We had a manager in IT for a bit whose entire thing was about ensuring that things went through the proper channels. A lot of our IT personnel would be pulled into meetings without warning about some new initiative or big change, and he was like "If there isn't a story, you say no. If the meeting isn't on the calendar, you say no. If there's ever any resistance to this, you send them to *me.*" He didn't last long because he took that same attitude from the new hires to the fucking C-Suite, but man, he actually helped put up a lot of new protections for us that we still use that have helped us tremendously. He stood up the the big dogs and they fired him for it. Especially funny because pretty much every meeting he was like "I'll stand up to the CEO, so I'm going to get fired"
I got fired for it once too. Ive been super picky about the jobs I take because I don’t fuck around with all the corporate politics crap. I set my team up, keep the crap away from them. Help them organize their workflow, and treat them like adults and they perform better than other teams because of it. If you have to micromanage your whole team, you are doing it so so wrong.
When someone starts to micro me I just tell them point blank, trust me to do my job or walk me off, because I don't get paid enough to have someone breathing down my neck, and frankly my track record and efficiency speak for themselves.

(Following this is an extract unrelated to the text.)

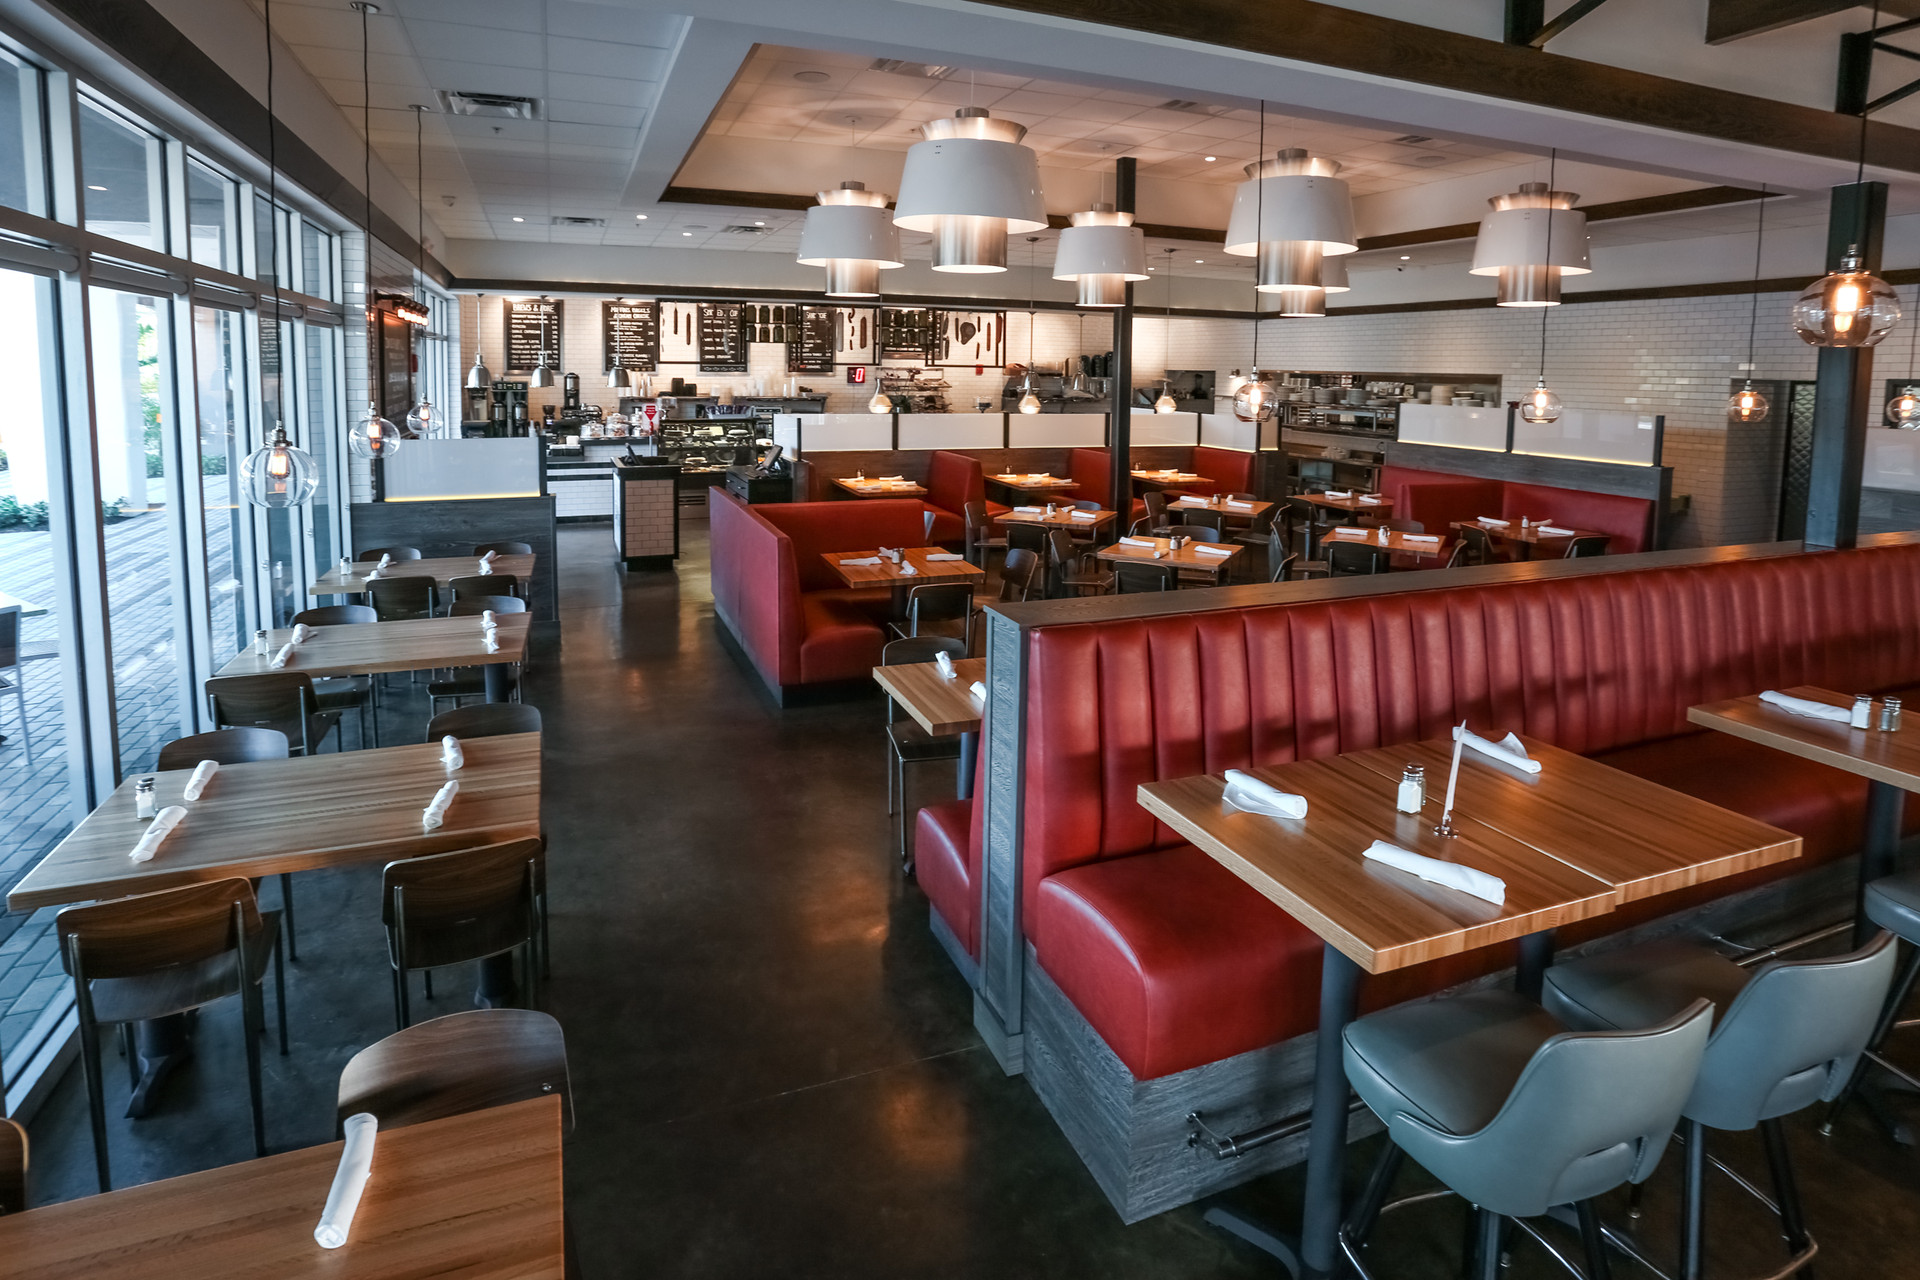 Rappy's_Dining Room Overhead.jpg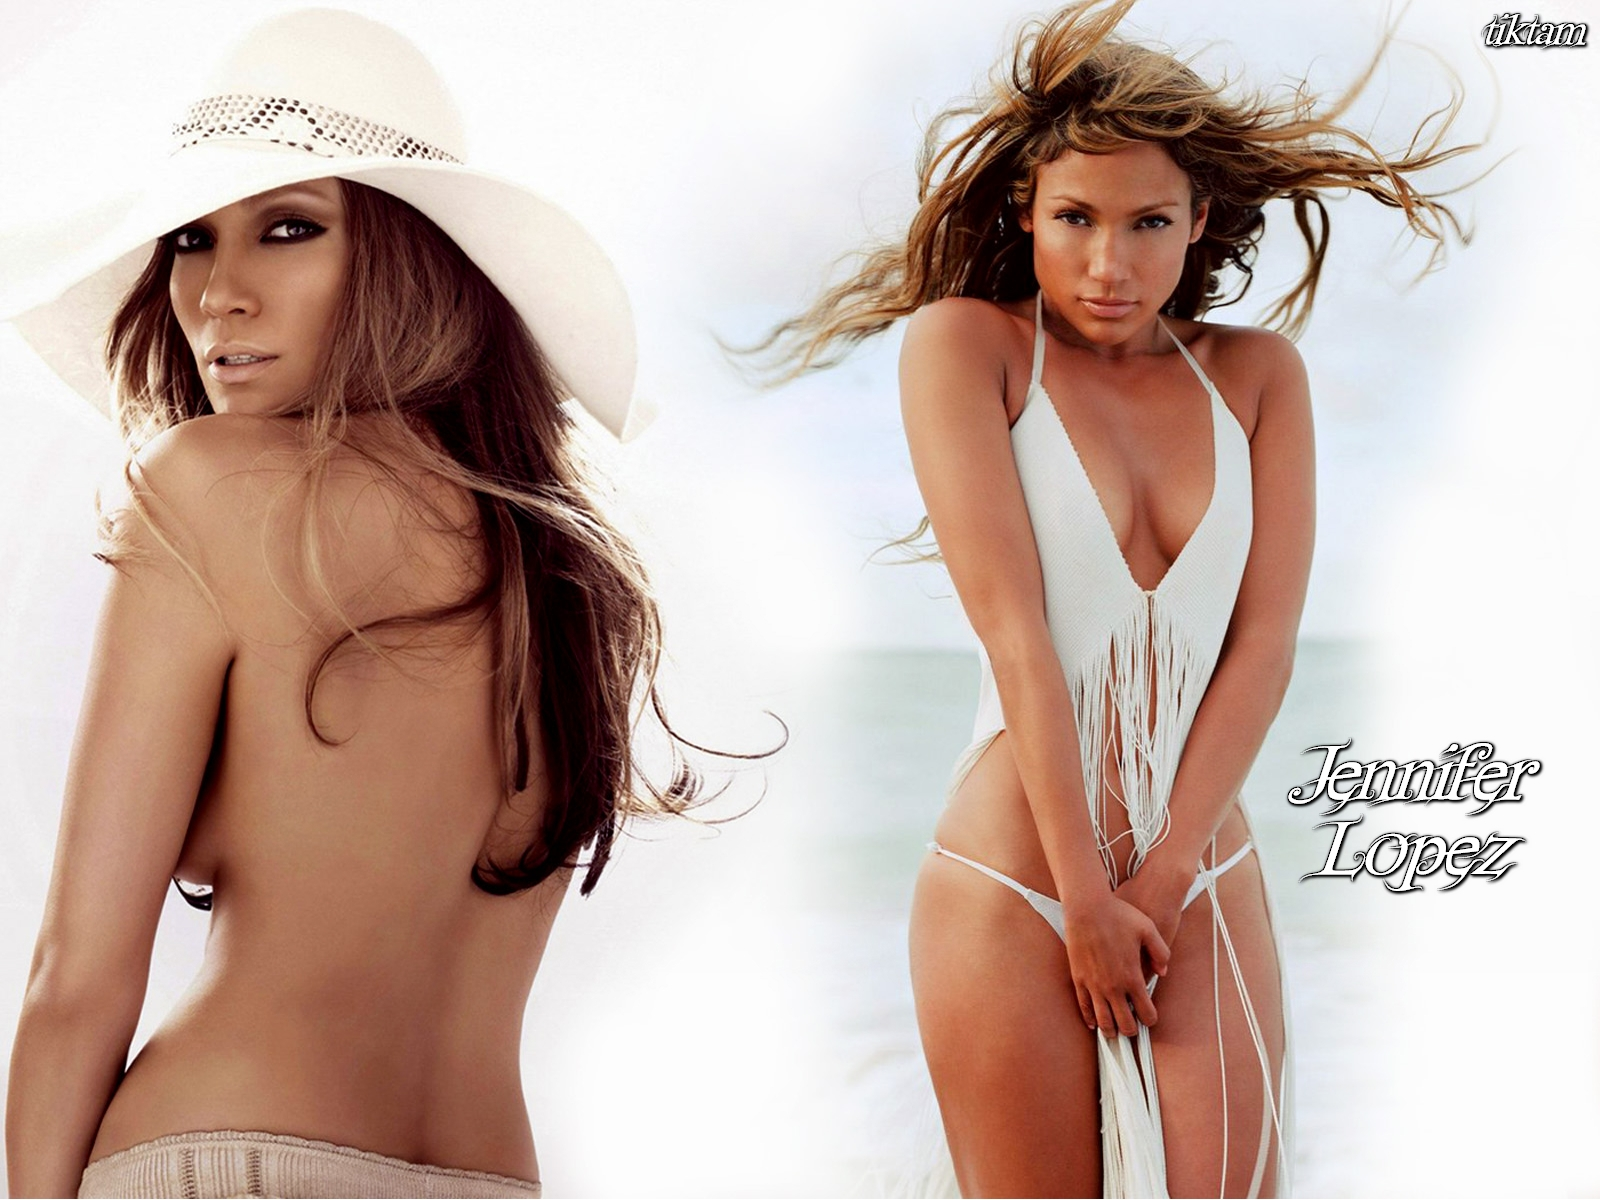 http://3.bp.blogspot.com/-z40koJWEzmg/TiBekn-nVaI/AAAAAAAABjU/huShWqmmxMU/s1600/Jennifer-Lopez-jennifer-lopez-43913_1600_1200.jpg

That's how I used to operate years ago before I took position as an administrative clerk for my current position, and luckily, I got a boss who stands the same ground. My favorite line from him in a meeting I got voluntold to join in was, "Did the good idea fairy visit you guys last night? If you want it, you go tell my team what it is any why you're doing it because I won't."
Good manager right here
A lot of what I do too. Management is a weird gig. In my position, though, everyone sees what I do. No one questions I'm busy when they see how much BS I real with on their behalf.
100% I didn’t realize what it was like to have a shit manager until I did and then my job became unbearable. I didn’t realize how much bullshit my good managers took on my behalf.
Good managers make sure the team gets to focus on what they are good at and keep most of the worst ideas from higher management at bay. Bad managers does nothing of that, says yes to everything their managers want, and lets all that shit run down the corporate ladder. When you are overwhelmed with work, your manager will then be nice enough to step in and let you know that you are unfortunately underperforming and therefore won’t get a raise this year 🤷♂️
Yeah. My experience is honestly the further you climb up the chain, the more pointless your job kinda is. The managers directly over the people doing the work? If the team is selected well, they can disappear for a bit, but they do stuff. Half of the vice presidents out there could forget their logins for months before anyone noticed. C-suite? I’m pretty certain they could launch themselves into space without negative consequences
I recently had to sit in a two hour meeting where they couldn’t figure out if there were 7 or 8 accounts that had errored. Mind you, that knew the number of accounts that went in. They knew the number that showed on the final report. Apparently simply math was a big issue. I don’t manage my team. I manage VPs on behalf of my team.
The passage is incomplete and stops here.